Инна НиколаеваФото: из личного архива Инны НиколаевойКак многие в СССР, Инна стала сначала пионеркой, потом комсомолкой, но никогда не стыдилась того, что один из ее дедушек, Борис Успенский, — потомственный священник. Долгое время о том, что случилось с ним, Инна знала в общих чертах: репрессирован, отправлен на Беломорканал — вот и все. Бабушку Инна подробно расспросить про деда не успела. Мама отца не помнила: его арестовали через год после ее рождения.
— Про своего отца она всегда говорила хорошо. Берегла его портфель, ходила с ним в свое время в школу, рассказывала, что очень плакала, когда во время оккупации он сгорел в доме, который подожгли при отступлении немцы.
Подробно заняться делом дедушки Бориса Инна решила только в 2000-х. Почему — ей сказать сложно: видимо, просто пришло время.
В СССР семейной историей интересоваться было не принято. После революции и особенно в период репрессий люди массово уничтожали документы и архивы, чтобы скрыть сведения о родственниках за границей или, например, в Белой армии. Генеалогия в СССР воспринималась как буржуазный пережиток, рассказывала в одном из интервью предпринимательница Виктория Салтыкова, глава центра восстановления истории семьи «Проект Жизнь».

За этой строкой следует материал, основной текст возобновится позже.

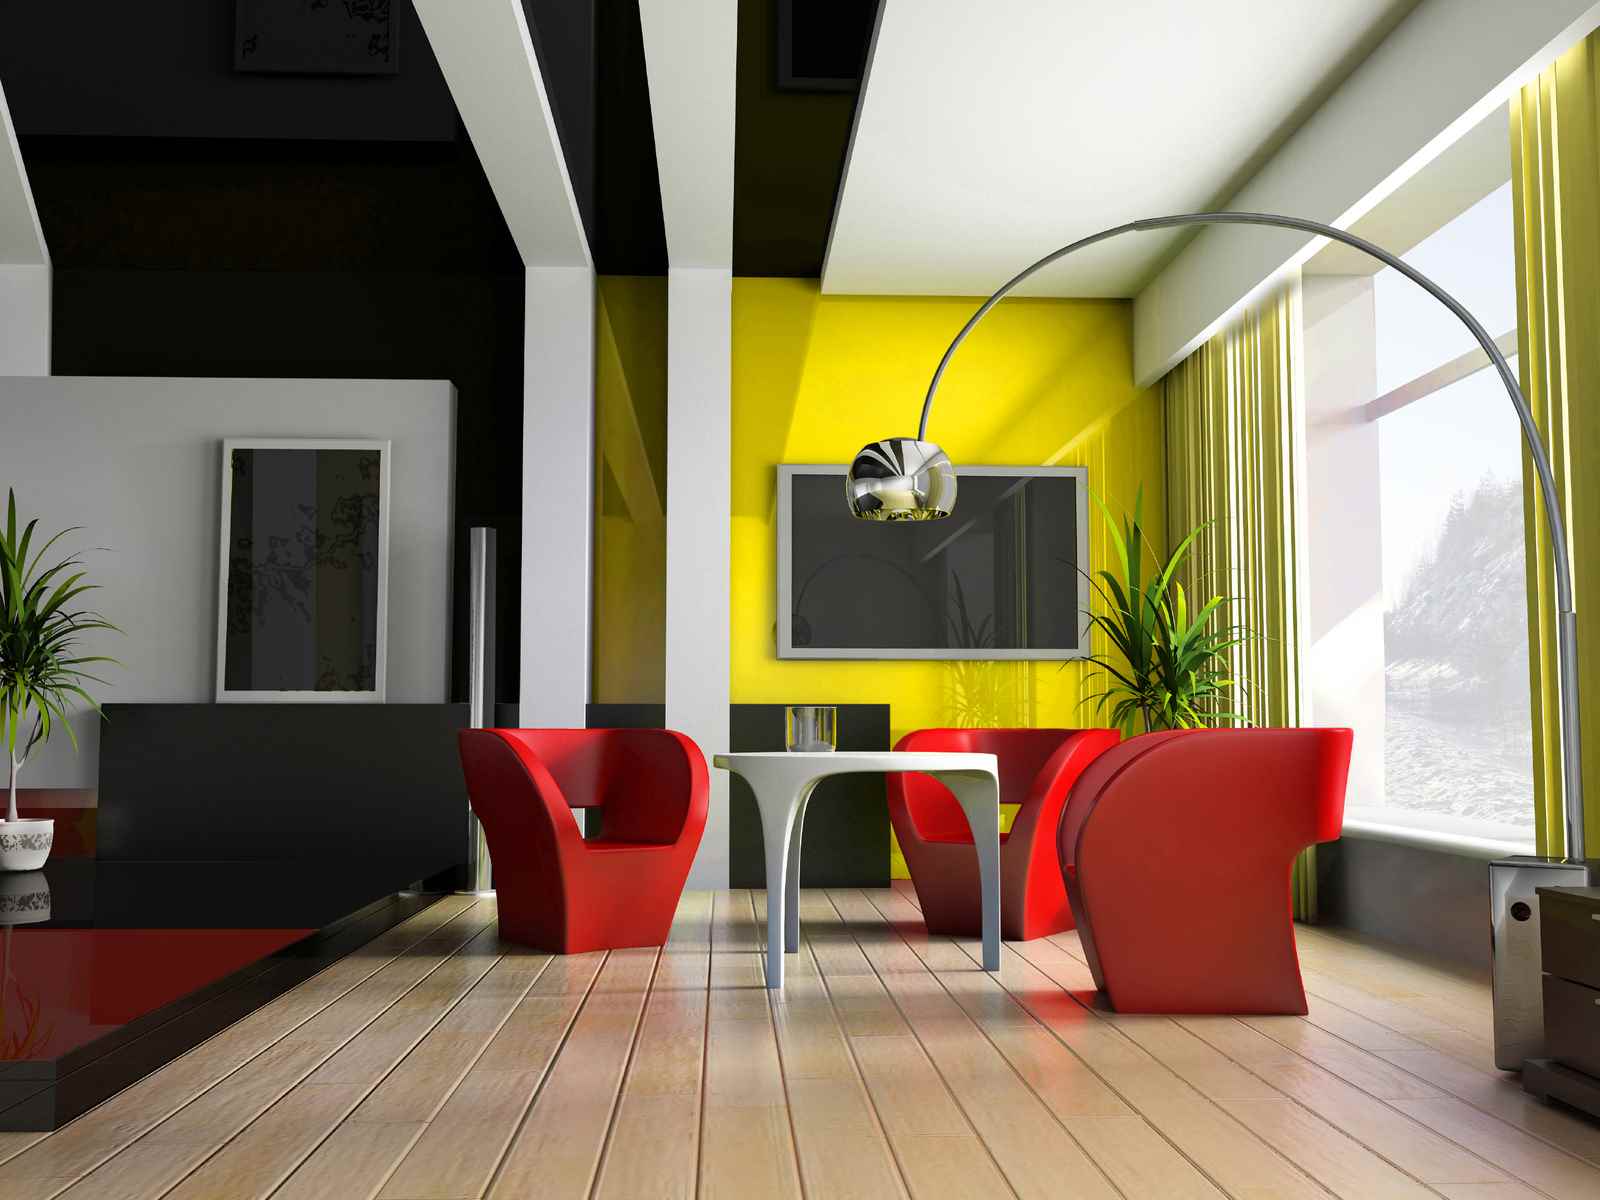 l'idée d'utiliser une couleur jaune inhabituelle à l'intérieur de l'appartement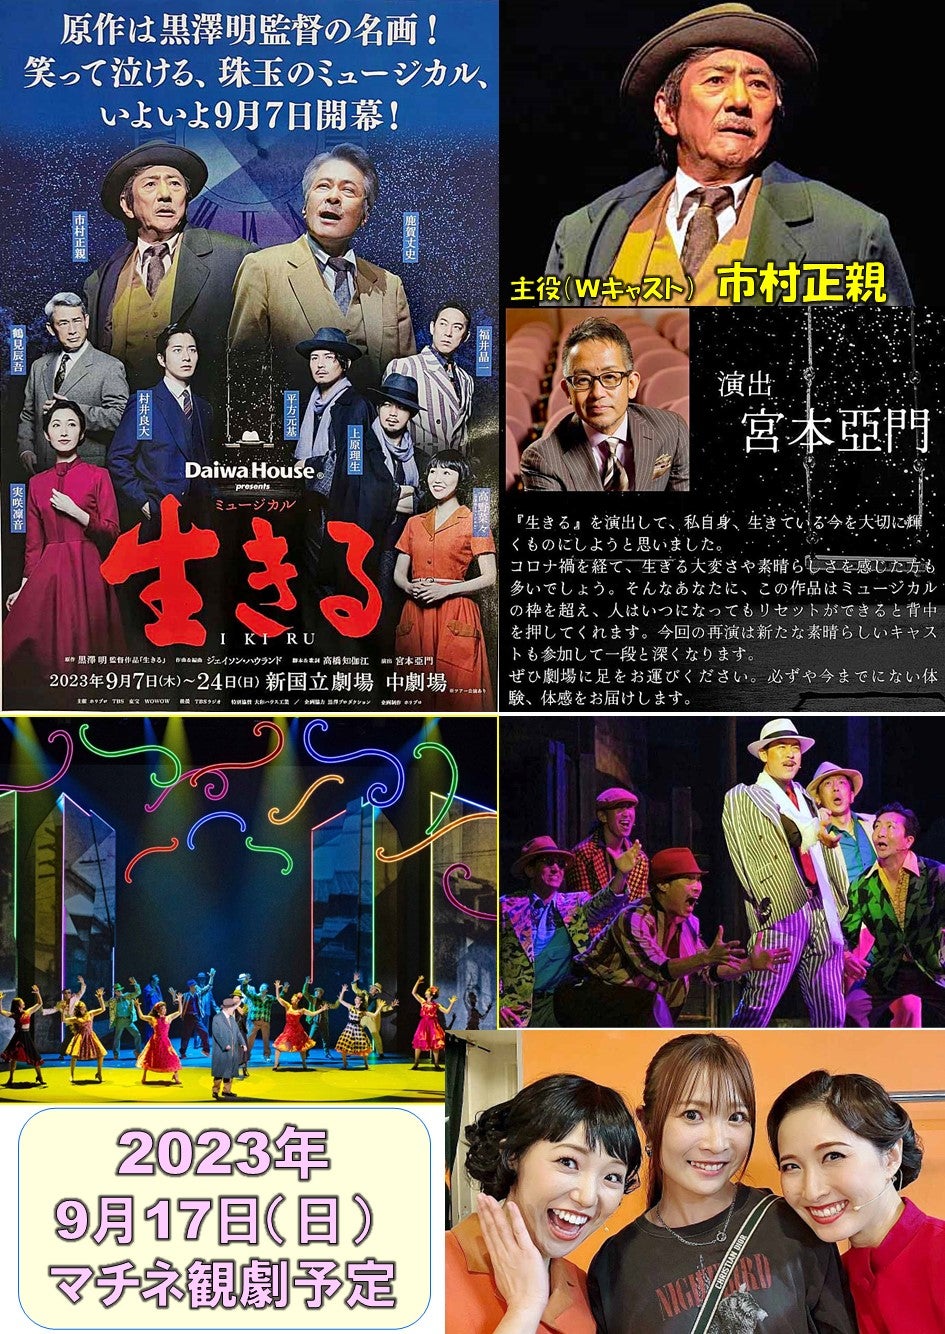 黒澤明監督映画原作『生きる』のミュージカル版『生きる』9月7日開幕

Массово интересоваться семейной историей в России начали в конце 90-х. Сначала это были в основном состоятельные люди и «малиновые пиджаки», «заказывающие себе родословные и гербы», но все они «подхватили новое веяние — желание восстановить генеалогическую память». С тех пор интерес к восстановлению семейного прошлого только растет.
Согласно опросу Всероссийского центра изучения общественного мнения, проведенному в 2018 году, 93% россиян испытывают интерес к семейной истории. 35% опрошенных заявили, что в их семье есть репрессированные родственники. Большинство узнало об этом из рассказов родных. 58% среди тех, кто мало знает о судьбе репрессированных членов семьи, хочет узнать, что случилось с их родными.
23-летний Борис Успенский, дед Инны, служил в деревне Костыжицы Псковской области. В 1930 году его отца, священника Михаила Успенского, арестовали и раскулачили за антисоветскую агитацию. Имущество конфисковали, а Успенского-старшего отправили в Соловецкие лагеря. Вскоре арестовали и Бориса.
В 2006 году Инна прочтет в деле: молодой священник был обвинен за то, что вел «продолжительное время антисоветскую агитацию среди крестьянского населения, в особенности среди верующих». «Дискредитирует органы соввласти, приписывает последним грабительскую и насильственную политику, применяемую по отношению к духовенству и крестьянскому населению… в церкви говорил проповеди, в которых касался о скором наступлении голода и о неизбежности краха соввласти», — говорится в обвинительном заключении.
Пророчества Бориса Успенского сбылись. В 1932 году на Украине начался голодомор. Точное количество жертв голода в Поволжье до сих пор неизвестно. Сейчас принято считать, что самая точная цифра — почти 4 миллиона погибших. В год начала голода Борис Успенский умер в центральном лазарете УСЛАГа.
Инна решила, что должна посмотреть документы из лагерного дела, и отправилась в Петрозаводск. Ехала туда «со страхом».
— Боялась узнать, каким дед стал в лагере. Но я знала: я должна дойти до конца, какой бы правда ни была. Обратно из Петрозаводска я не ехала — я летела на крыльях. В деле деда было несколько скупых характеристик, которые давало ему лагерное начальство и надсмотрщики. И из них я поняла: дедушку не сломали, не согнули, он остался нравственно чистым, может быть, даже чище, чем был до лагеря.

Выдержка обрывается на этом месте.